Many times, the only difference in legal status is access to an immigration hearing in a court of law which can take years with our screwed-up system. In the meantime, this bill is deeply, deeply offensive to every moral fiber in my being.
I quote the Gospel: “And the King shall answer and say unto them, Verily I say unto you, Inasmuch as ye have done it unto one of the least of these my brethren, ye have done it unto me.”
Karen M. Hansen
Viola, Idaho
Washington retirees covering the costs
I am a Plan 1 retiree who has had three small cost -of -living raises in the last 14 years. I’m about 40% behind in COLA raises compared to what Washington state Plan 2 and 3 retirees and state employees have had in the same timeline.
The claim by the elected lawmakers is that they needed the money to balance the state budget.
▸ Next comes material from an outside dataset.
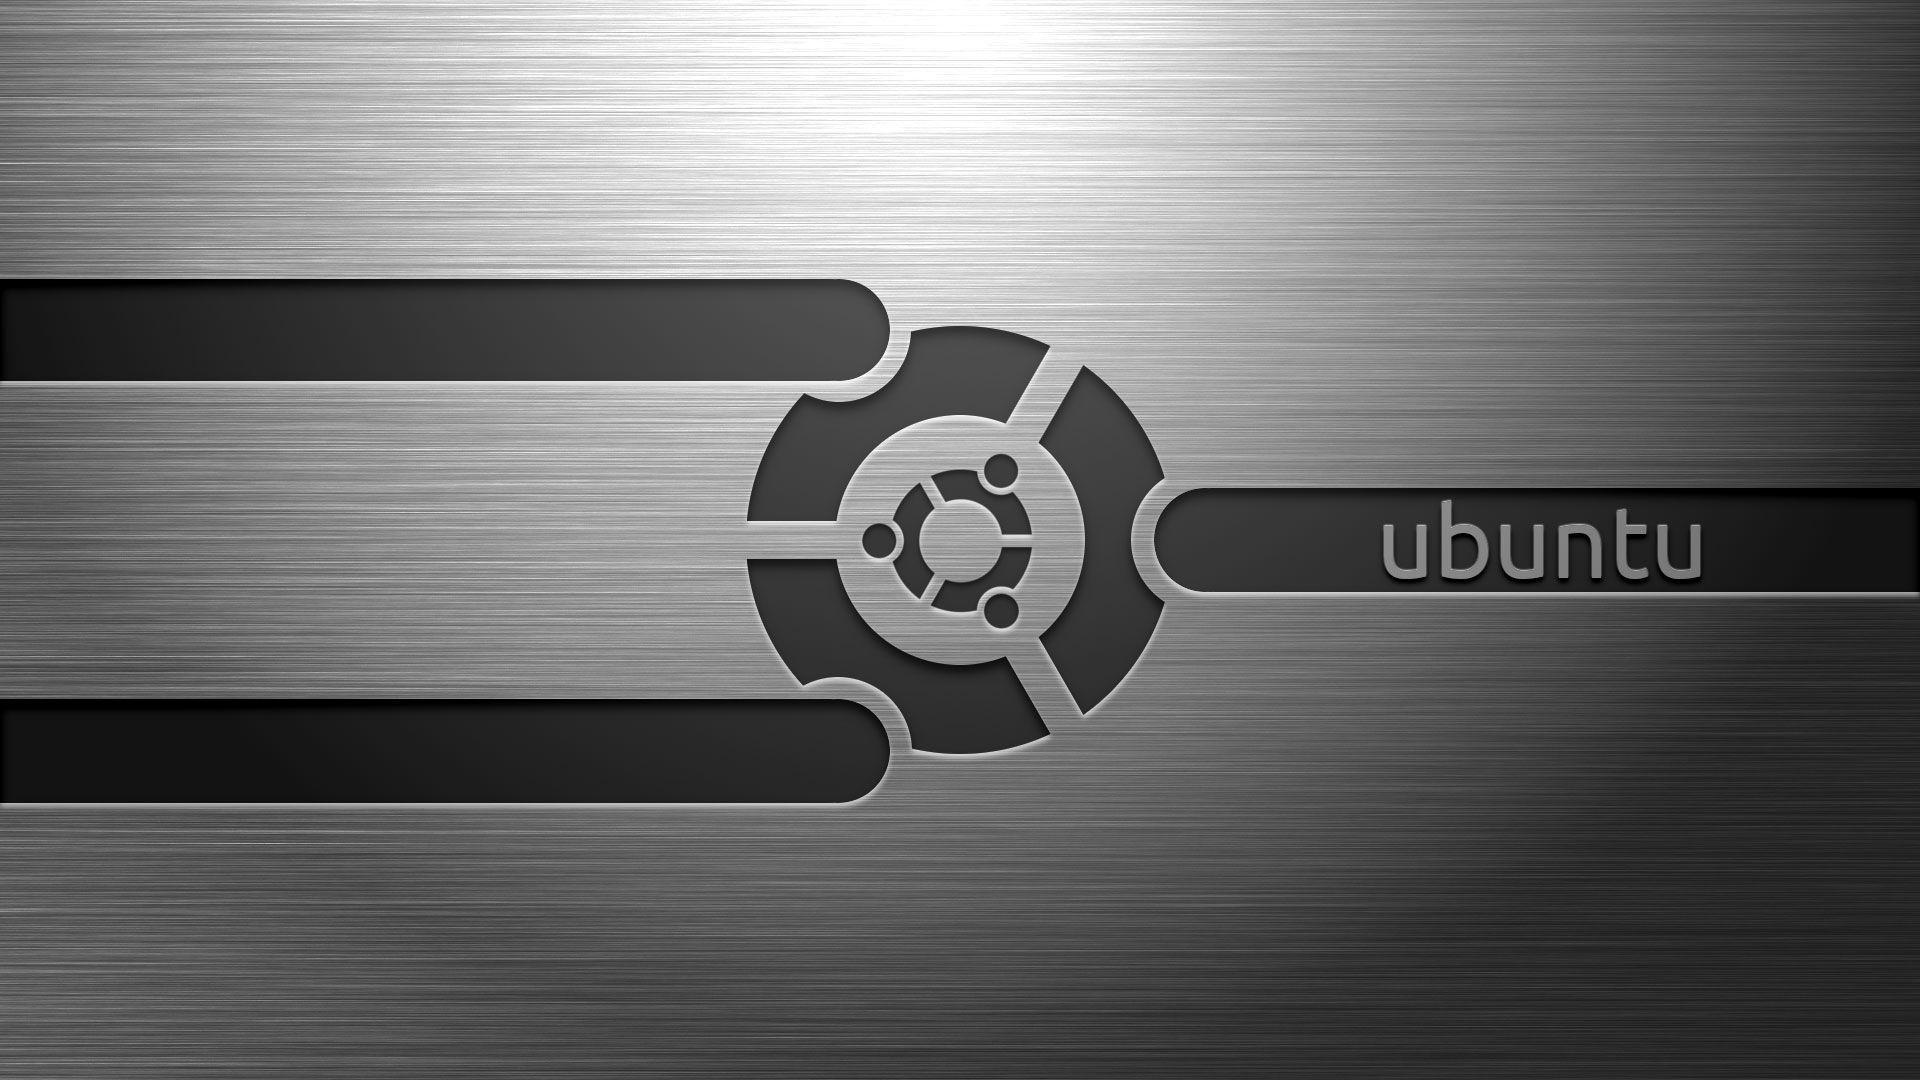 Ubuntu HD Wallpaper. fbpapa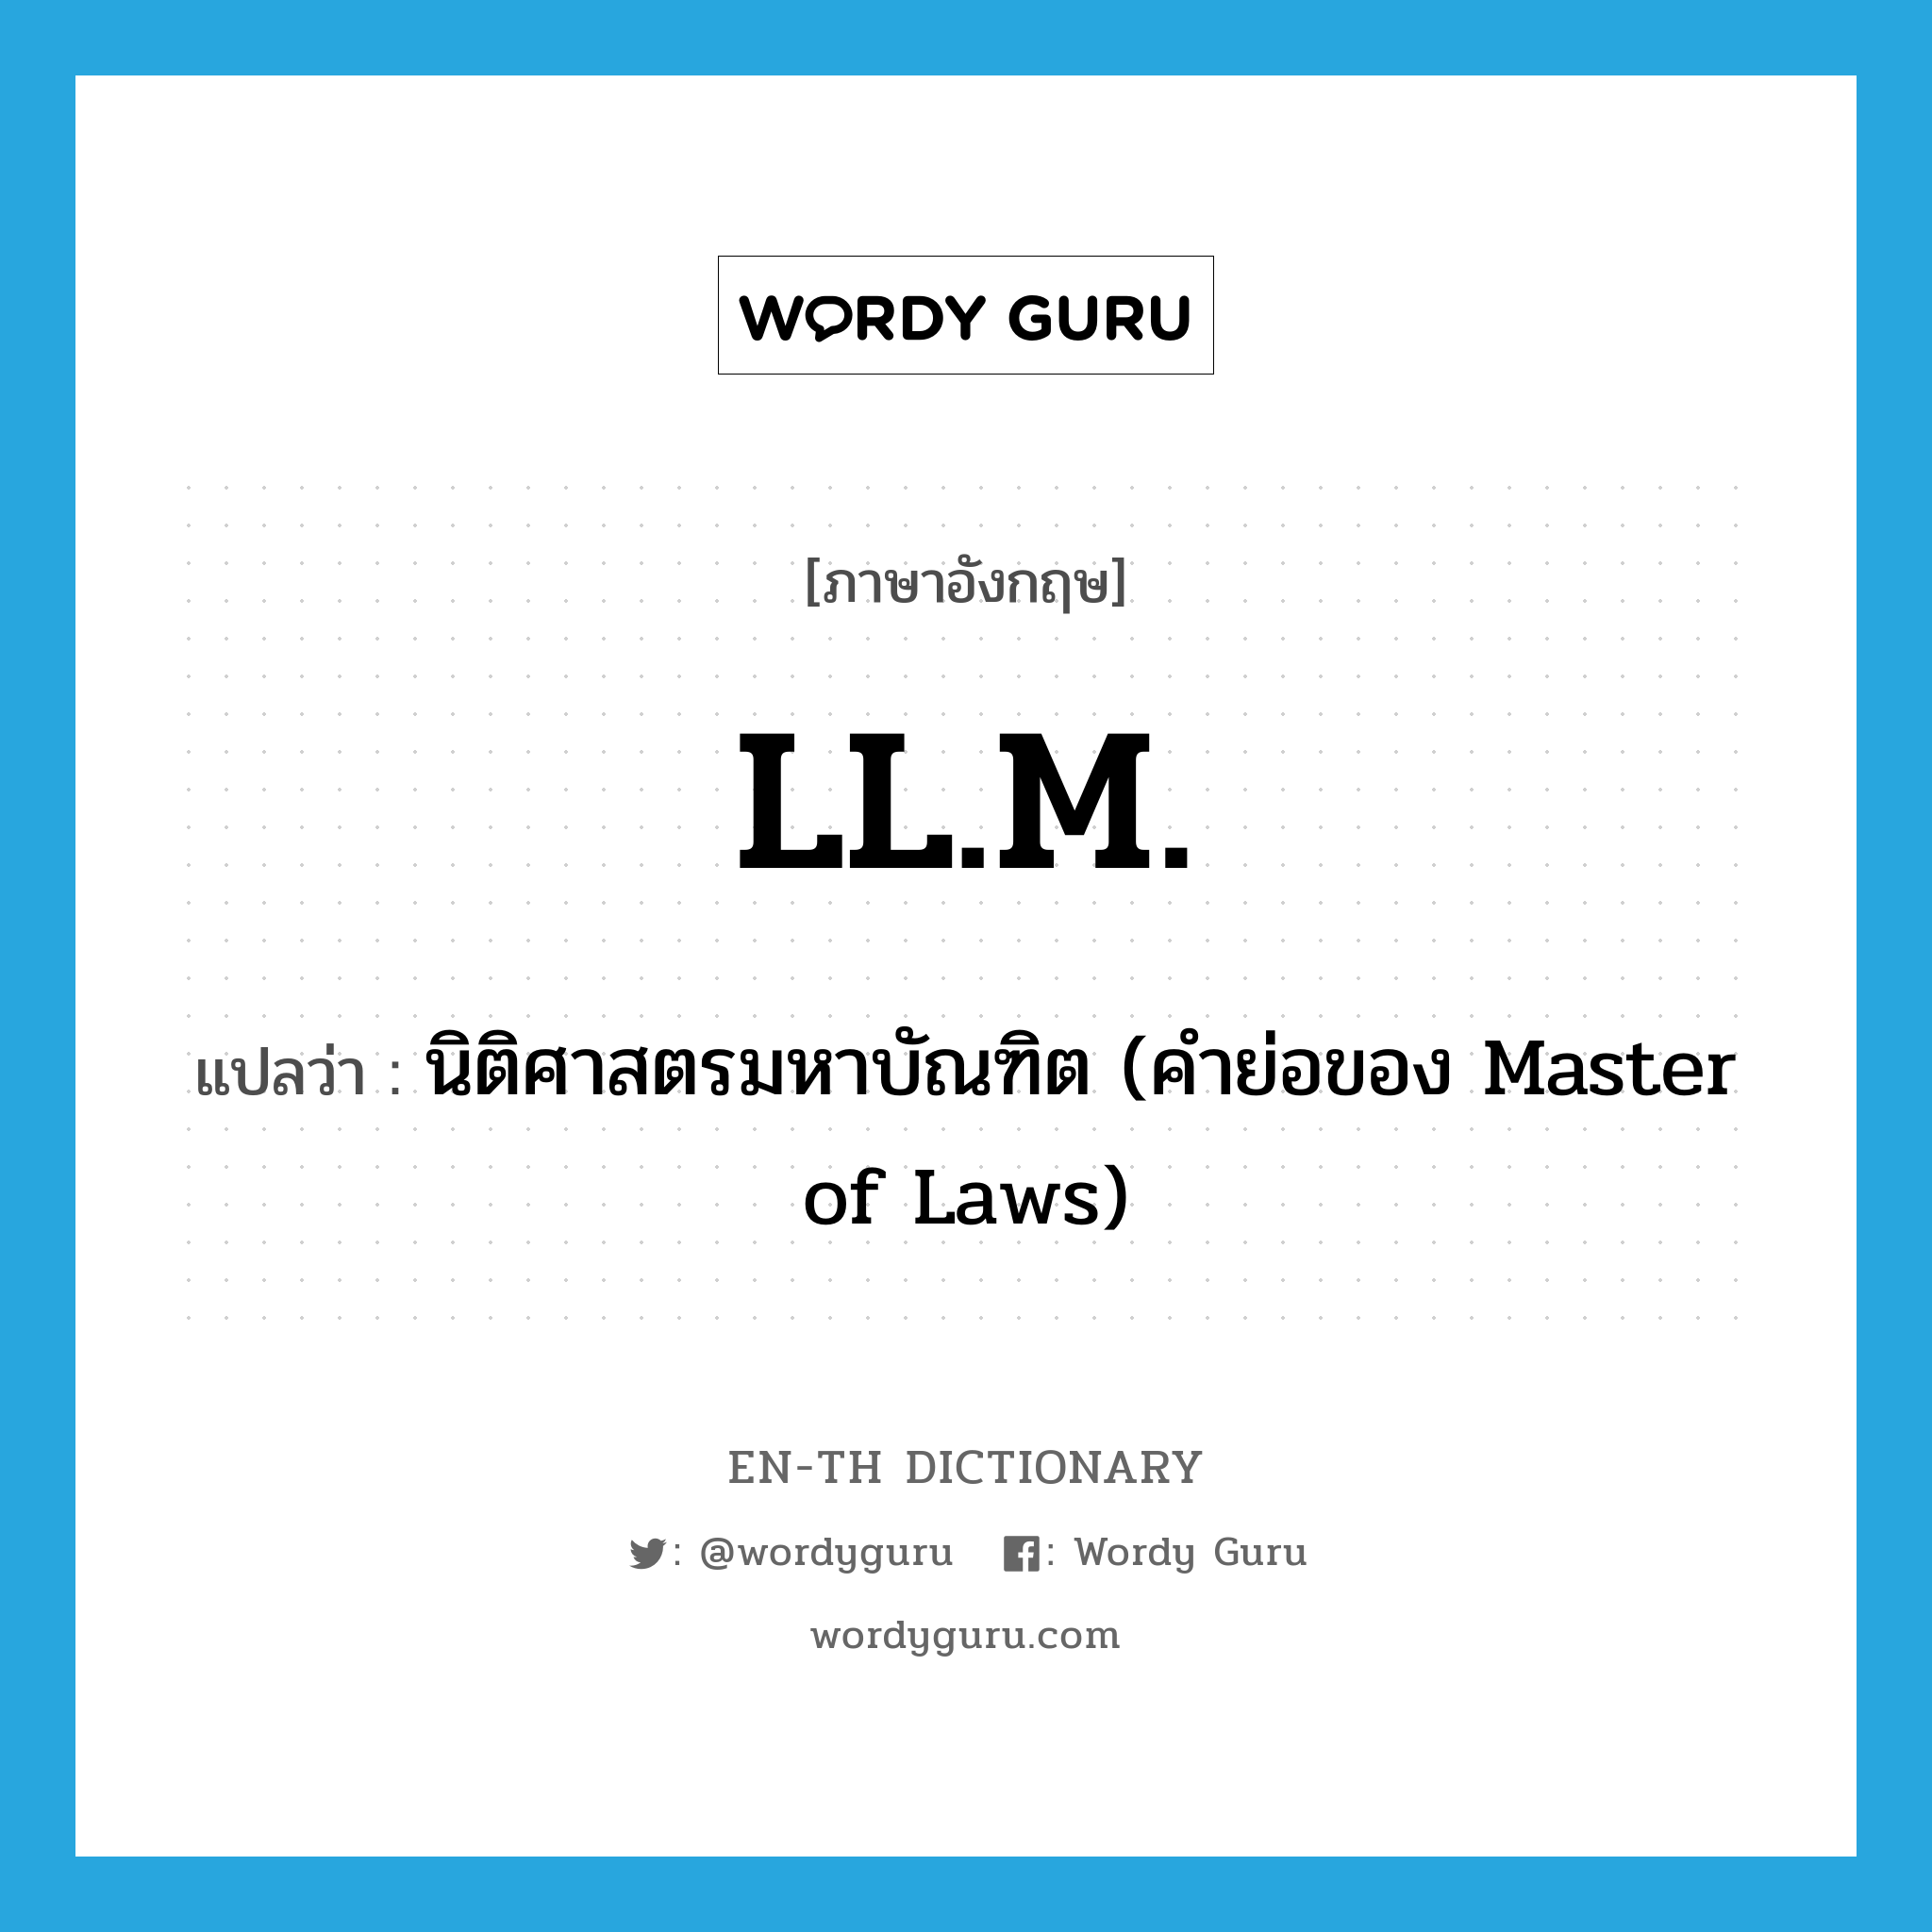 นิติศาสตรมหาบัณฑิต (คำย่อของ Master of Laws) ภาษาอังกฤษ?, คำศัพท์ภาษาอังกฤษ นิติศาสตรมหาบัณฑิต (คำย่อของ Master of Laws) แปลว่า LL.M. ประเภท ABBR หมวด ABBR

The thing about the COLAs we were denied: Numerous Plan 1 retirees have turned to Medicare and Medicaid to live. In the long run, this is costing the state more money from a different part of the budget. This year, the Plan 1 retirees are going to pay for the highway and property damages from the winter floods.
In the last 11 years, my rent has gone from $1,600 per month to $3,700 a month. Also, our retirees have to pay for the added costs of food and medical supplies. How many Plan 1 retirees are choosing between food or medications? Less medication means more trips to the ER and hospital stays that the hospital or DSHS can pay for?
How many more years will we live? It will be shortened with the help of the Washington state Legislature.